El plenario de En Marea es presentado como un «alto no camiño para reflexionar sobre a situación na que estamos», pero no deja demasiado margen para reflotar una organización que perdió casi todo el anclaje institucional que tenía. Entre el 2015 y el 2016, las fuerzas parapetadas bajo el paraguas de En Marea gobernaban en tres de las siete ciudades gallegas (A Coruña, Santiago y Ferrol), eran segunda fuerza gallega en el Congreso, con un grupo de seis diputados -rebajado después a cinco- que se subsumieron en el grupo de Podemos, y con el magistrado Luís Villares como referente lograron liderar la oposición al PP en el Parlamento gallego, al superar en votos al PSOE y al BNG.

No obstante, en poco más de un año, toda esa representación desapareció. Las tres alcaldías de las mareas pasaron a manos del PSdeG, y el partido rupturista se rompió en dos partes -la coalición Galicia en Común y En Marea-, quedando la última sin ningún tipo de representación.

En Marea, la formación de la que son coportavoces Pancho Casal y María Chao, declara en el texto político que será discutido hoy que su proyecto político, y las causas que lo alumbraron, siguen estando vigentes. Incluso más vigentes que entonces. Pero también subraya, como pista de cara al futuro, que ahora mismo «resulta absolutamente imposible» llegar a acuerdos en el ámbito de la izquierda gallega para construir la ansiada confluencia.
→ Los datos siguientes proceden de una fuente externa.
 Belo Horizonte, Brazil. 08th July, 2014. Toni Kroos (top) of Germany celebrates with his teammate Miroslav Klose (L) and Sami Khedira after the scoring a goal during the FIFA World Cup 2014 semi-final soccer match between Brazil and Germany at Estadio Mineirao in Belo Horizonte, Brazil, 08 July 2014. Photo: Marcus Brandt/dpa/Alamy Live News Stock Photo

¿Los motivos? Pues que otras fuerzas de izquierda, como Podemos, EU o Anova, a los que no cita por sus nombres, nunca estuvieron dispuestos a actuar como «motores auxiliares» de En Marea. Y por otro lado, que el BNG, al que alude como «actor esencial da confluencia», actuó con una visión exclusivista y excluyente con el resto de fuerzas para formar la gran coalición.
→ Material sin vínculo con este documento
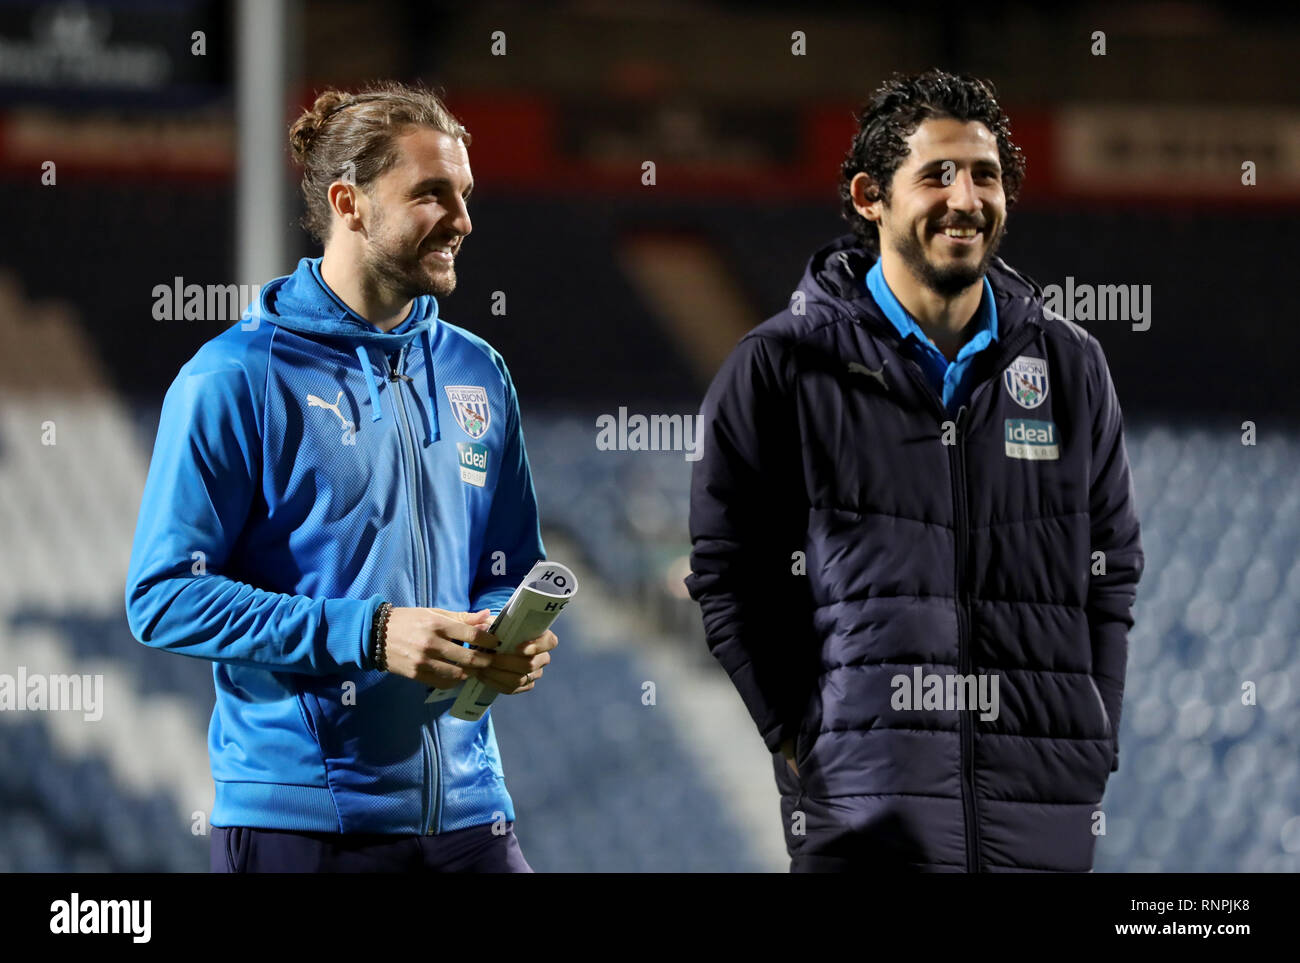 West Bromwich Albion's Jay Rodriguez (left) and Ahmed El-Sayed Hegazi (right) check out the pitch ahead of the Sky Bet Championship match at Loftus Road, London. Stock Photo

Auge y caída de las mareas: de tocar el cielo en el 2015 a la irrelevancia

susana luaña
Exmiembros del BNG impulsores de las mareas: Xulio Ferreiro, Martiño Noriega, Xosé Manuel Beiras y Antón Sánchez
Exmiembros del BNG impulsores de las mareas: Xulio Ferreiro, Martiño Noriega, Xosé Manuel Beiras y Antón Sánchez

Las disputas internas acabaron con el proyecto que estuvo a punto de destruir el BNG

Los movimientos sociales del 15M, que renegaban de los viejos partidos y promovían la entrada de los ciudadanos de a pie en las instituciones; las diferencias de Beiras con la cúpula de la UPG, que lo animaban a abandonar la organización, y la mediación de Yolanda Díaz para que el veterano político nacionalista y un asesor suyo de Madrid, de nombre Pablo Iglesias, creasen una alianza electoral. Esos son los tres factores que provocaron en el 2015 el nacimiento de las mareas gallegas, un proyecto misceláneo, diverso y progresista que luego fue copiado en otras partes de España. Ese año, en las elecciones locales, las mareas municipales -en las que había militantes de Podemos, de Esquerda Unida, de los partidos escindidos del BNG y agrupaciones locales independientes- conquistaron alcaldías significativas de las ciudades gallegas -A Coruña, Santiago y Ferrol- y en el 2016, el partido instrumental En Marea, aunque no logró la presidencia de la Xunta, se hizo con el 20% de los votos gallegos y se colocó como primera fuerza de la oposición.